Excerpted records:

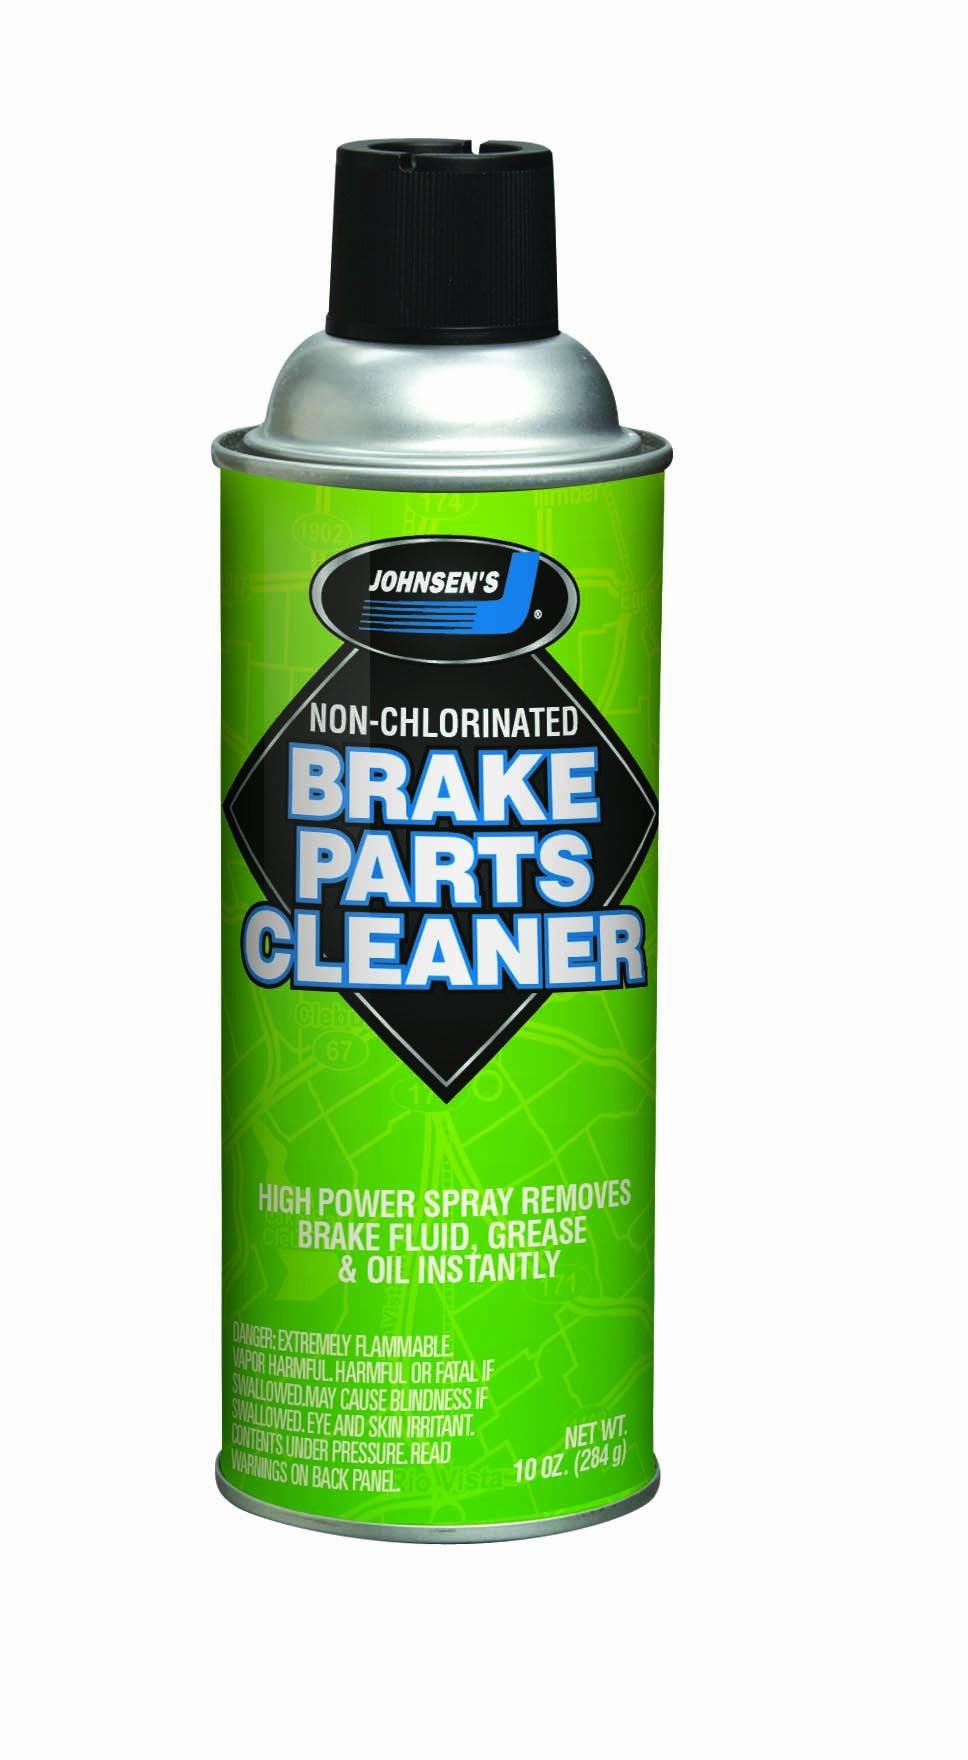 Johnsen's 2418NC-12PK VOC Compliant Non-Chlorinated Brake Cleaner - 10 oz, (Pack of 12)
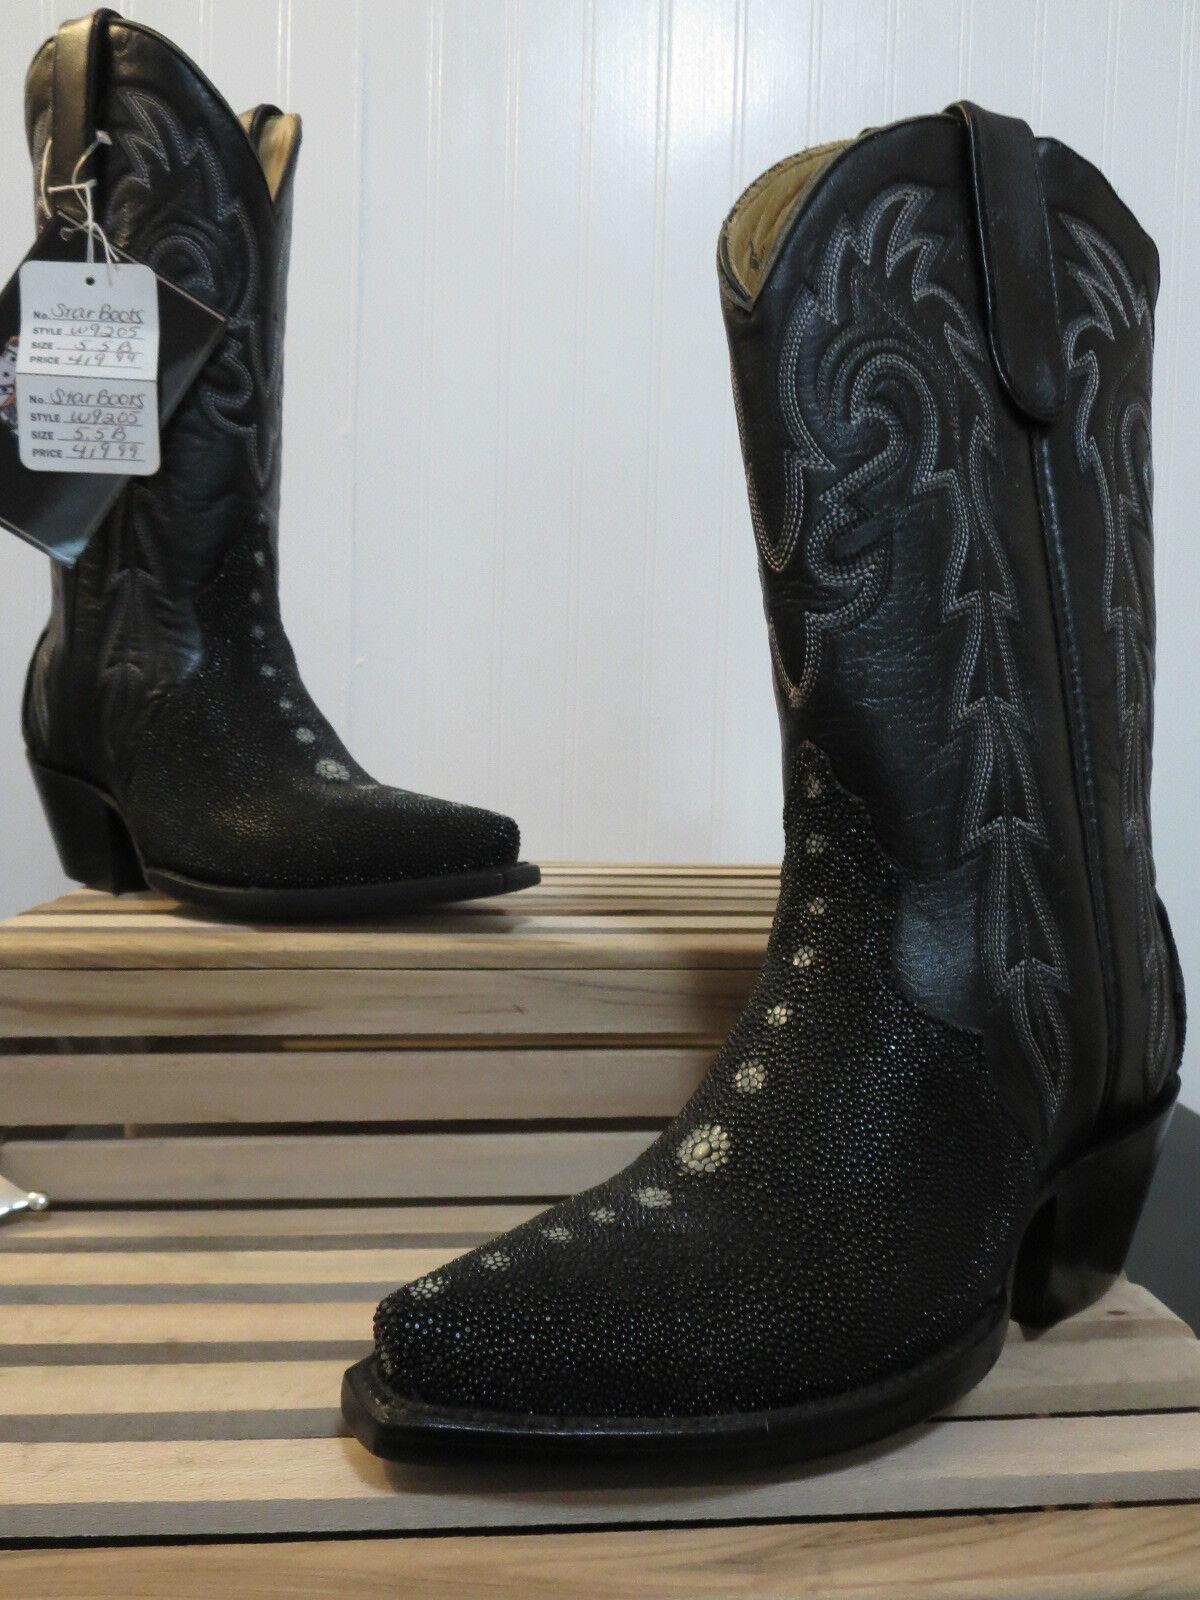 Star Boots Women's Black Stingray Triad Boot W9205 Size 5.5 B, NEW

* * *

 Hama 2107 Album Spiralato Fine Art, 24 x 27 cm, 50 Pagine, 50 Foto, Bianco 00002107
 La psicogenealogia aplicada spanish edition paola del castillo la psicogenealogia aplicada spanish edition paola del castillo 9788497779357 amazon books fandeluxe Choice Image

* * *

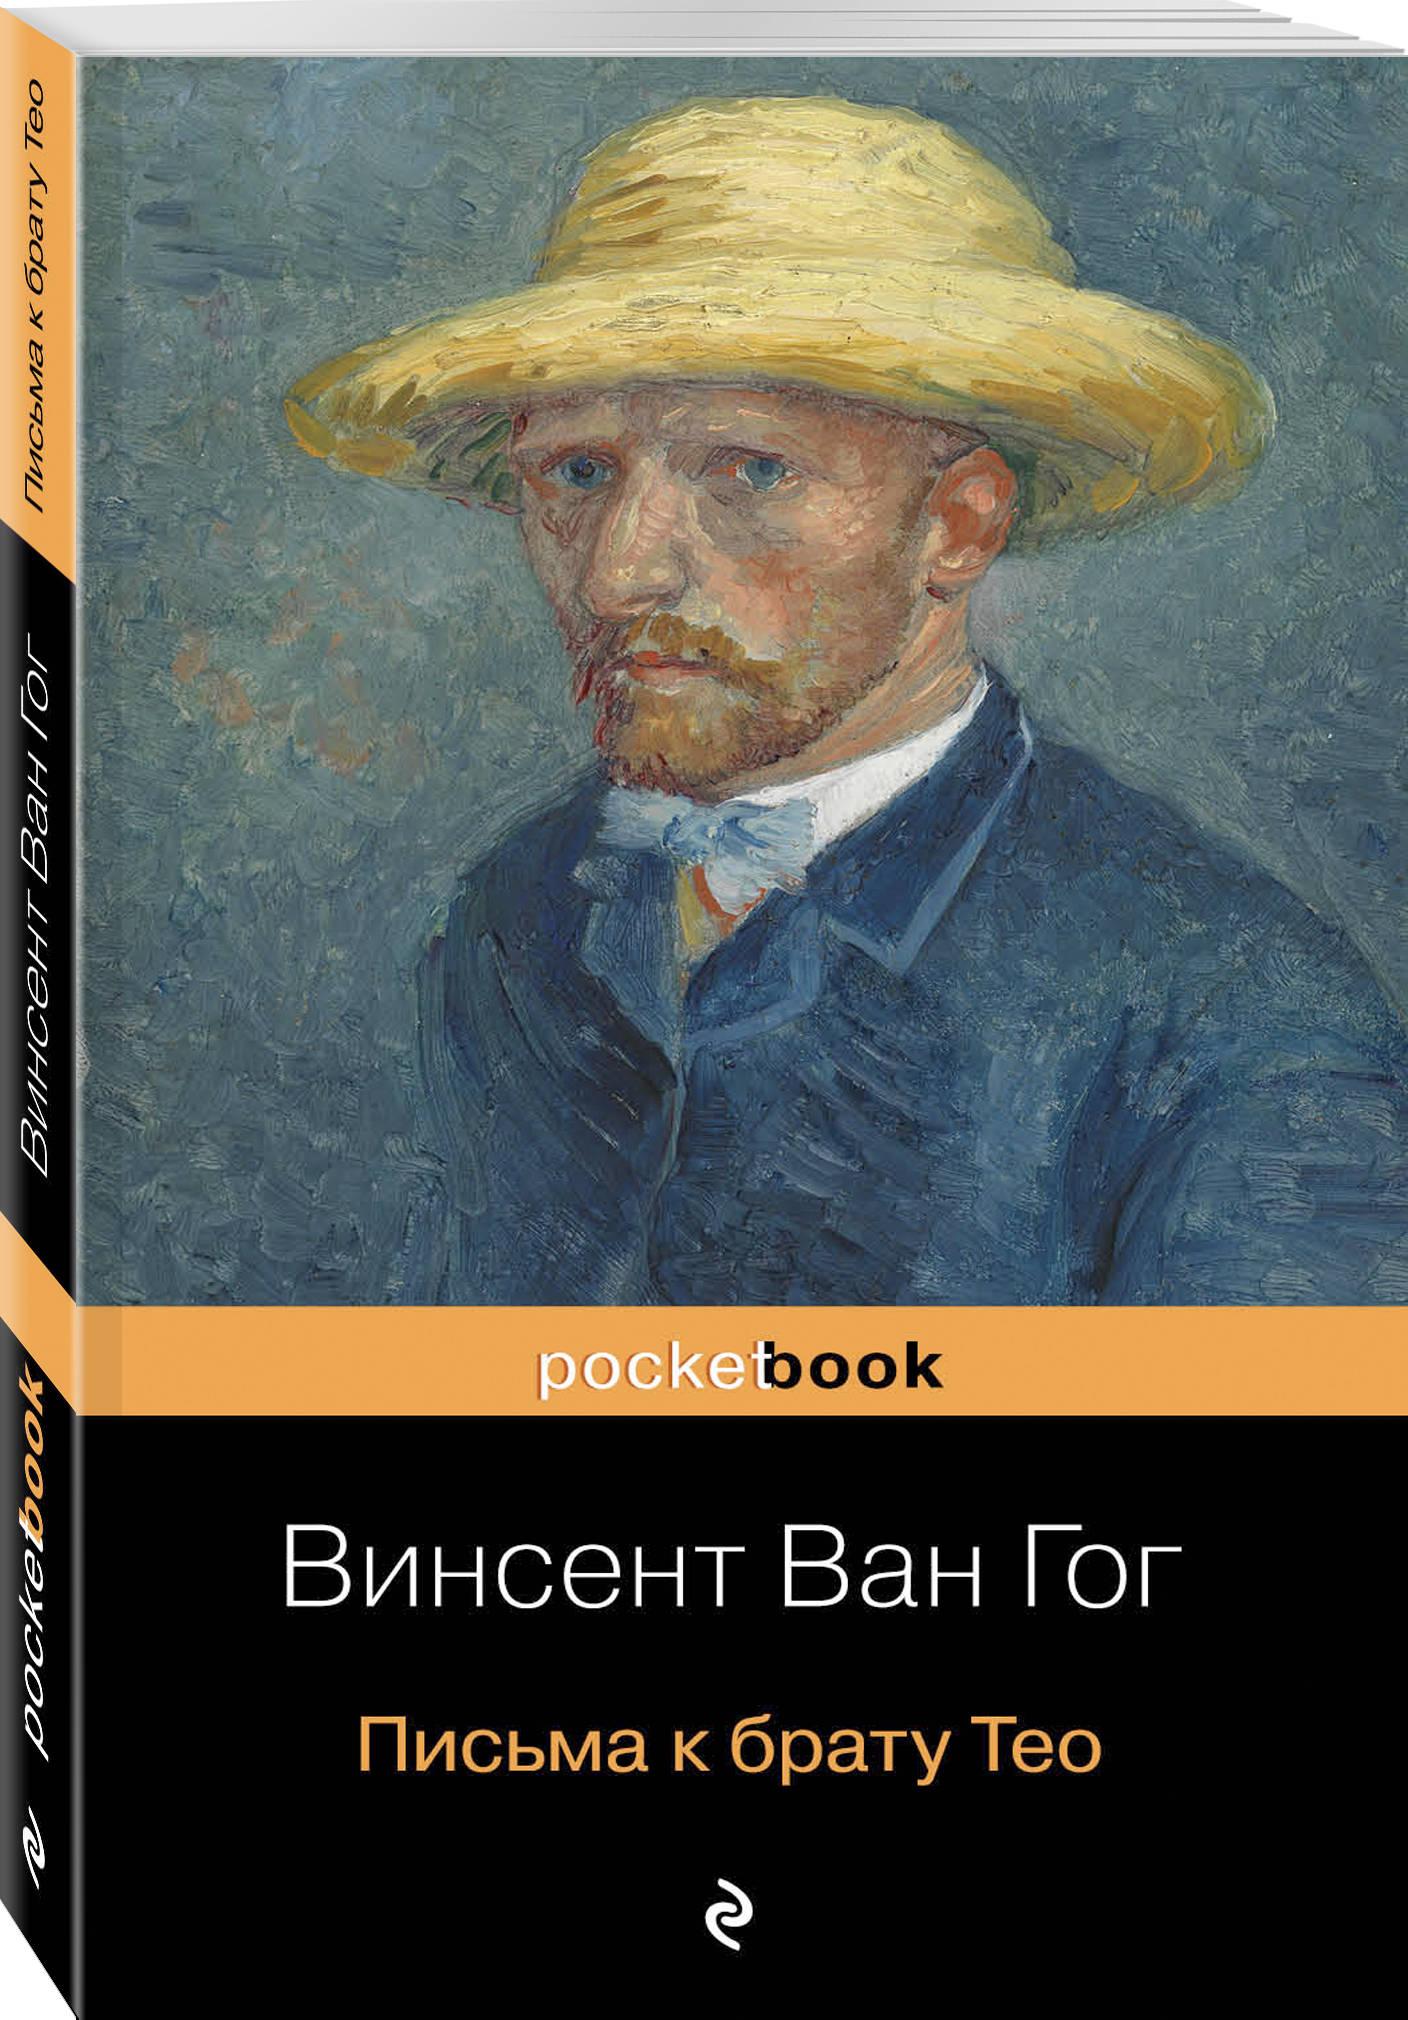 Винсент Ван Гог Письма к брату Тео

Assignment:
Each line above from the one containing "Johnsen's 2418NC-12PK VOC" through the one containing "Star Boots Women's" is to be returned verbatim. Nothing else, and no pictures.

Result:
 Johnsen's 2418NC-12PK VOC Compliant Non-Chlorinated Brake Cleaner - 10 oz, (Pack of 12)
 Star Boots Women's Black Stingray Triad Boot W9205 Size 5.5 B, NEW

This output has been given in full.